[swift-evolution] Question about async await

Pierre Habouzit phabouzit at apple.com
Tue Sep 26 15:38:31 CDT 2017


> On Sep 26, 2017, at 11:22 AM, Jean-Daniel via swift-evolution <swift-evolution at swift.org> wrote:
> 
>> Le 26 sept. 2017 à 00:13, Adam Kemp <adam_kemp at apple.com> a écrit :
>> 
>>> On Sep 25, 2017, at 3:04 PM, Jean-Daniel via swift-evolution <swift-evolution at swift.org> wrote:
>>> 
>>>> Le 25 sept. 2017 à 21:42, John McCall via swift-evolution <swift-evolution at swift.org> a écrit :
>>>> 
>>>> This doesn't have to be the case, actually.  The intrinsics as Chris described them wouldn't be sufficient, but you could require a "current queue" to be provided when kicking off an async function from scratch, as well as any other "async-local" context information you wanted (e.g. QoS and the other things that Dispatch tracks with attributes/flags that are generally supposed to persist across an entire async operation).
>>>> 
>>> 
>>> My response was about the ‘implicitly’ part. I hope we will get a rich API that let us specify return queue, QoS and more, but how do you plan to fulfill the « current queue » requirement implicitly ?
>> 
>> My earlier response to this thread both linked to a previous thread about this and explained how C# does it. It will require some library support, but it can be done, and IMO should be done. As I’ve stressed repeatedly, async/await without this behavior will be very difficult to use correctly. I really hope we don’t settle for that.
> 
> In C#, the model is far simple as there is not concept of a single dispatch queue that can execute work on any thread. You can easily use TLS to store a default context. Each UI thread can have a context that dispatch completion on the message queue, but AFAIK,


> there is not DispatchQueue Local Storage yet.

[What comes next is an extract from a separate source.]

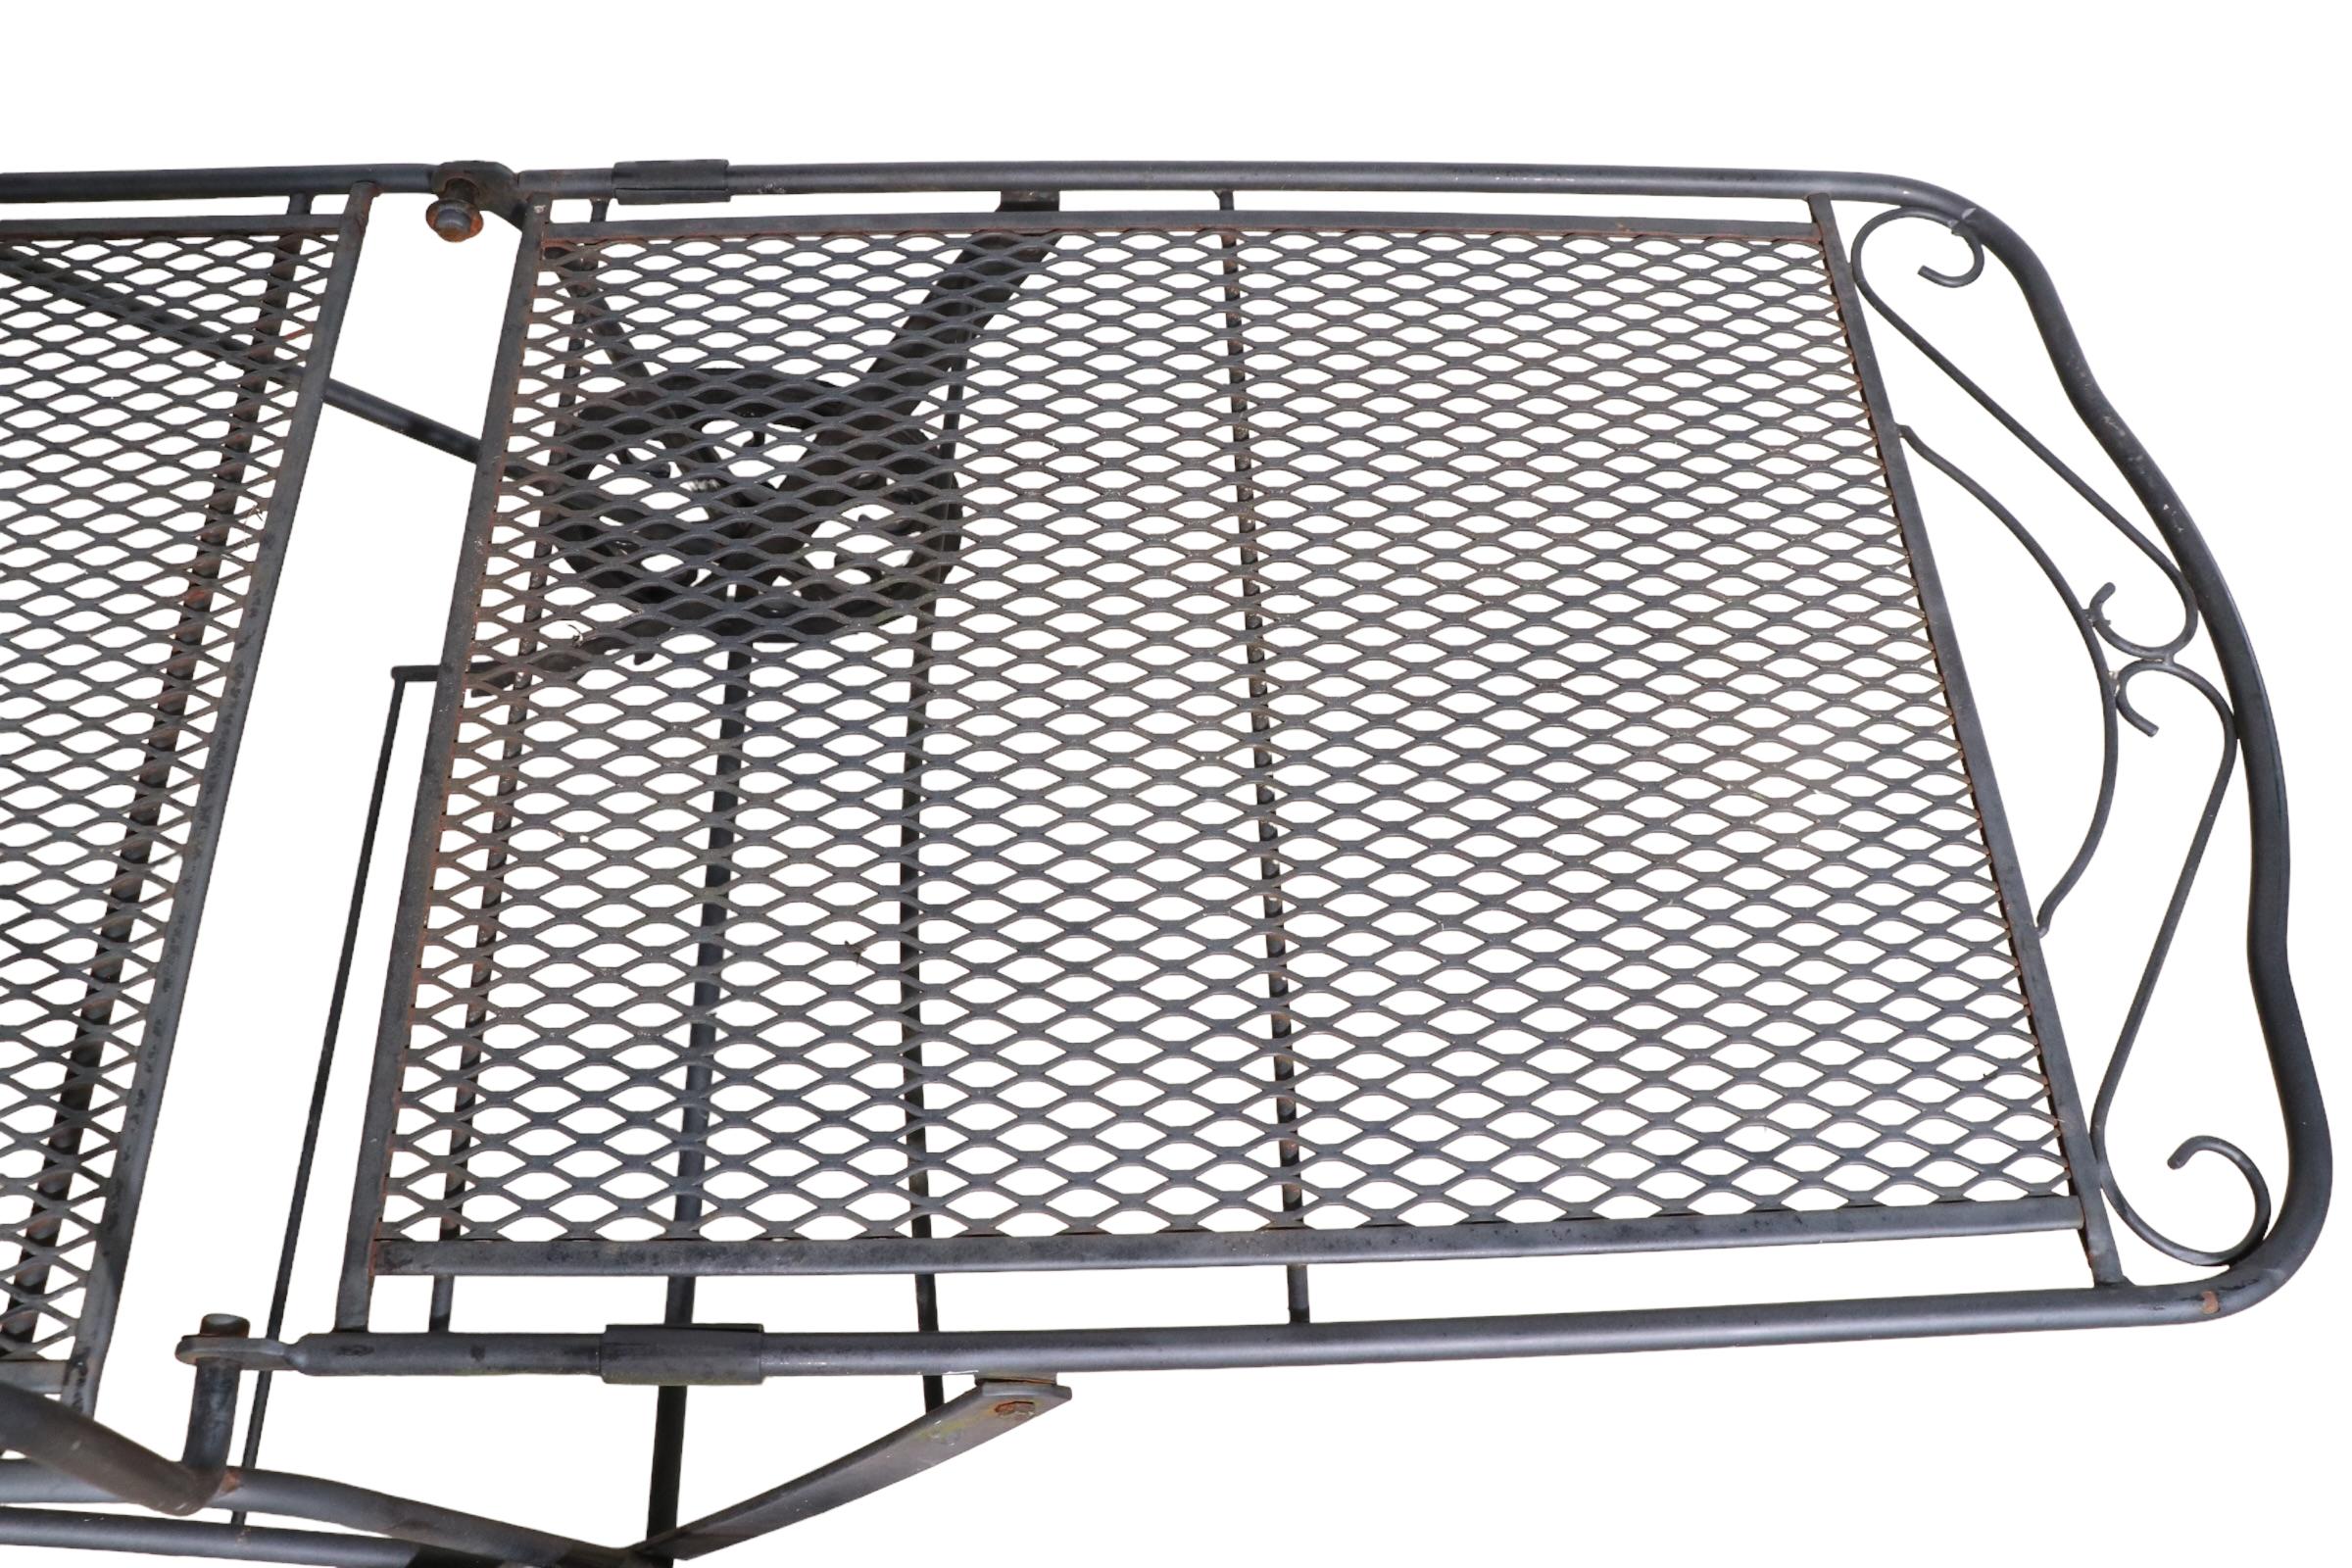 Élégante chaise longue réglable en fer forgé et en maille métallique attribuée à la Woodard Furniture Company. La chaise est dotée d'un dossier inclinable et de roues permettant de la déplacer facilement. Parfait pour le bord de la piscine, le patio

There is, see dispatch_queue*_specific()

> Even something as simple as getting the current queue is not reliable (see dispatch_get_current_queue man page for details).

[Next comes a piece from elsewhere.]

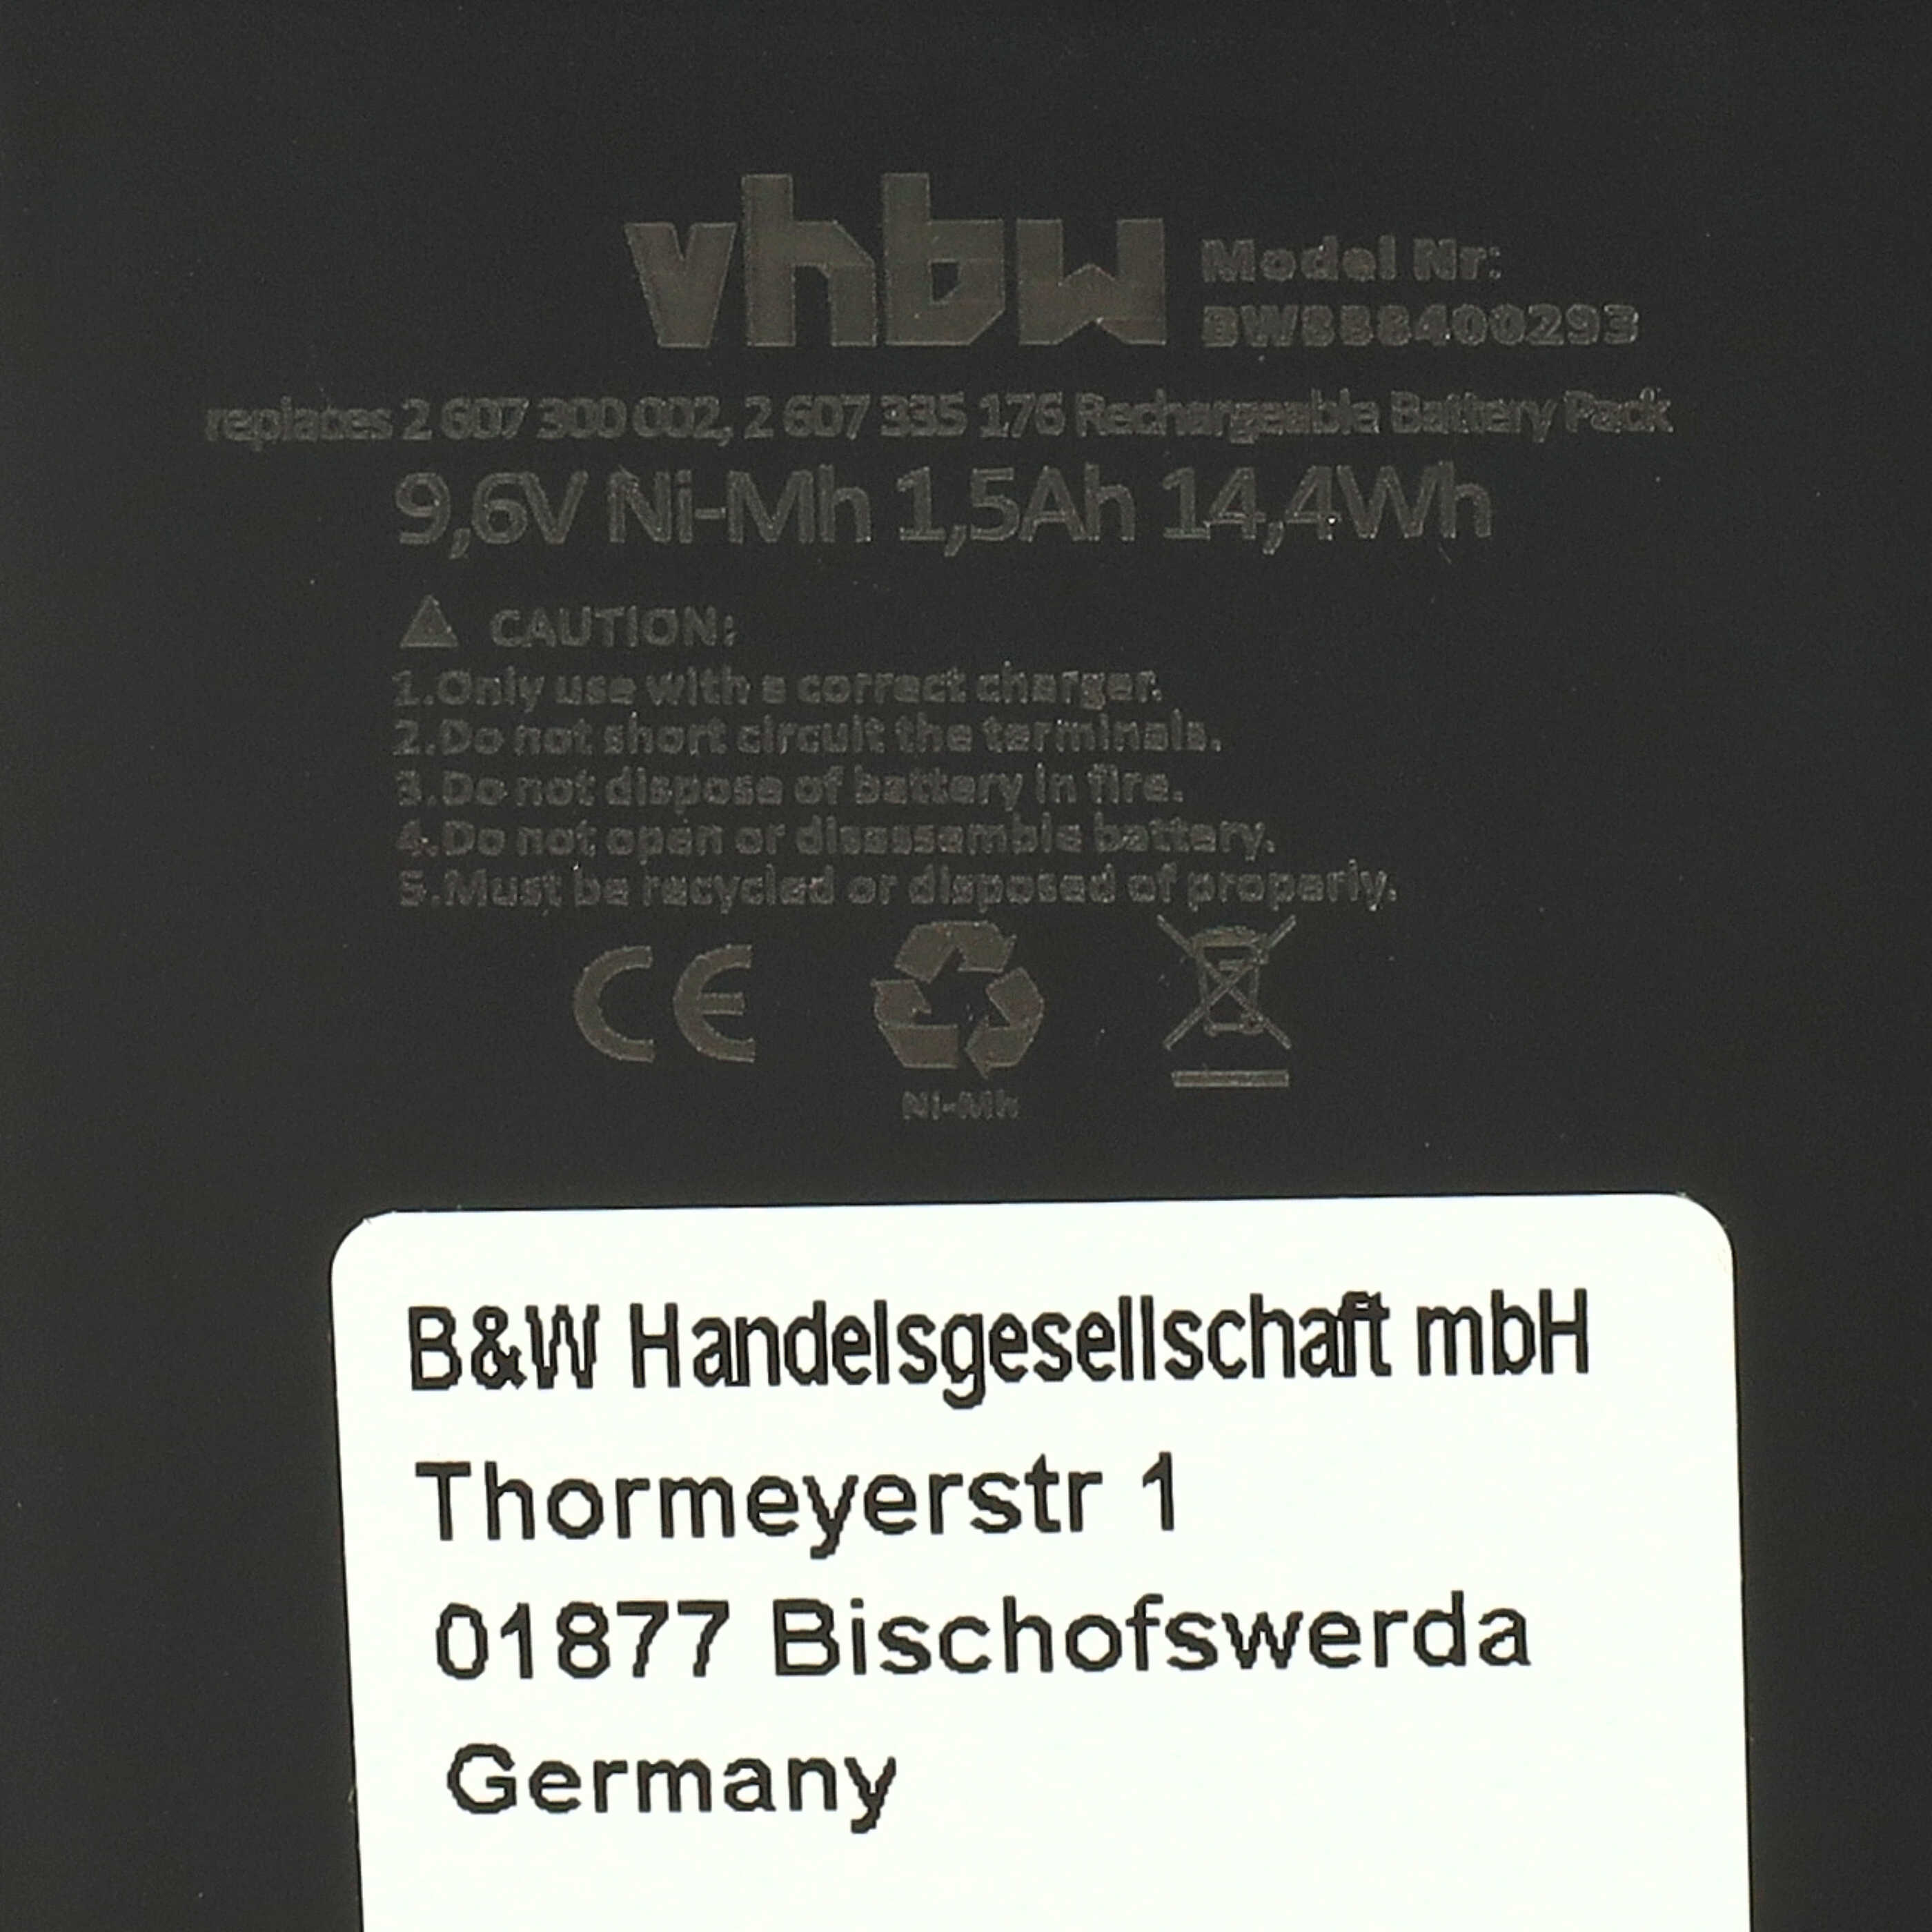 Akumulator do elektronarzędzi zamiennik Bosch 2607300002, 26073000002, 2 607 3000 002 - 1500 mAh, 9,6 V, NiMH

This is a sharp construct for clients, but not for the runtime / compiler that can be taught how not to fall in the traps of this API.

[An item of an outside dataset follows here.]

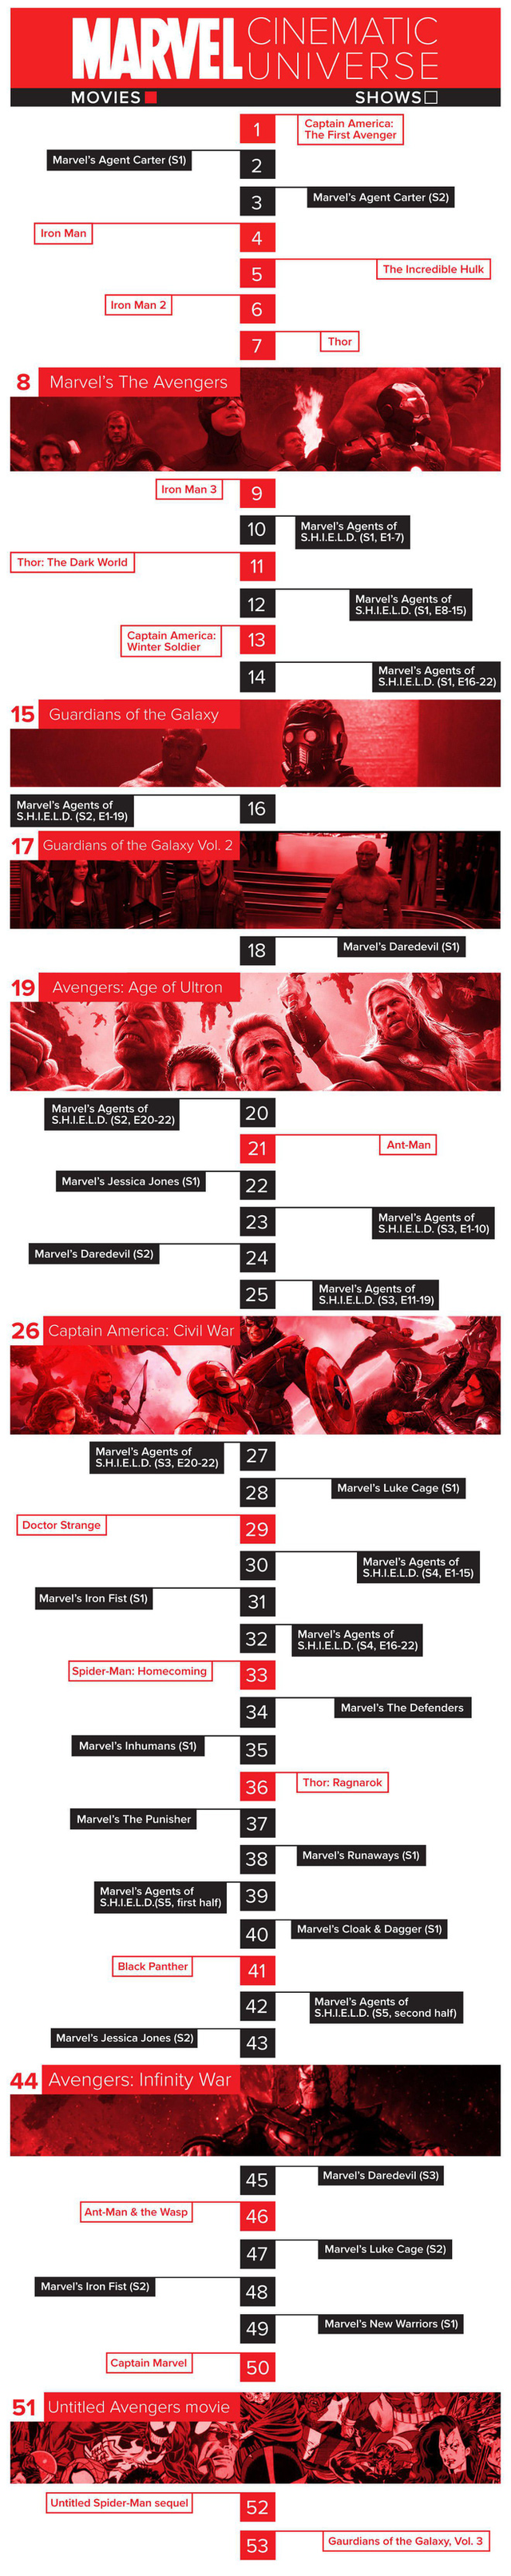 Trình tự đúng nhất để xem lại các phim trong vũ trụ điện ảnh Marvel trước khi Avengers: Infinity War ra rạp - Ảnh 4.

Just to debunk myths, dispatch_get_current_queue() is VERY WELL defined, but has two major issues: nesting & refcounting.


Nesting

Nesting refers to the fact that when you call code that takes a queue and a callback, you may observe *another* queue:

run_something_and_call_me_back(arg1, arg2, on_queue, ^{
    assert(dispatch_get_current_queue() == on_queue); // may crash
    ... my stuff ...
});

The reason is that run_something_and_call_me_back() may create a queue that targets `on_queue` and then this private queue is what is returned which is both unexpected and exposing internals of the implementation of run_something_and_call_me_back() which is all wrong.

A corollary is that people attempting to implement recursive locking (which is a bad idea in general anyway) with dispatch_get_current_queue() will fail miserably.

Refcounting

Because dispatch has a notion of internal refcount, in ARC world, this will crash most of the time:

dispatch_async(dispatch_queue_create_with_target("foo", NULL, NULL), ^{
    __strong dispatch_queue cq = dispatch_get_current_queue(); // will usually crash with a resurrection error
});


These two edges is why we deprecated this interface for humans.

1) A compiler though is not affected by the first issue because the context it would capture would have to not be programatically accessible to clients
2) The Swift runtime can know to take "internal" refcounts when capturing this hidden pointer and is not affected by the second problem either.


tl;dr: what is badly defined is allowing clients to get a pointer to the current queue with a real +1, but that is WAY stronger than what the language runtime needs.


> That’s why I’m saying it will be difficult to define a reasonable default context that can be used implicitly.

This is just not true. This is both easy and reasonable.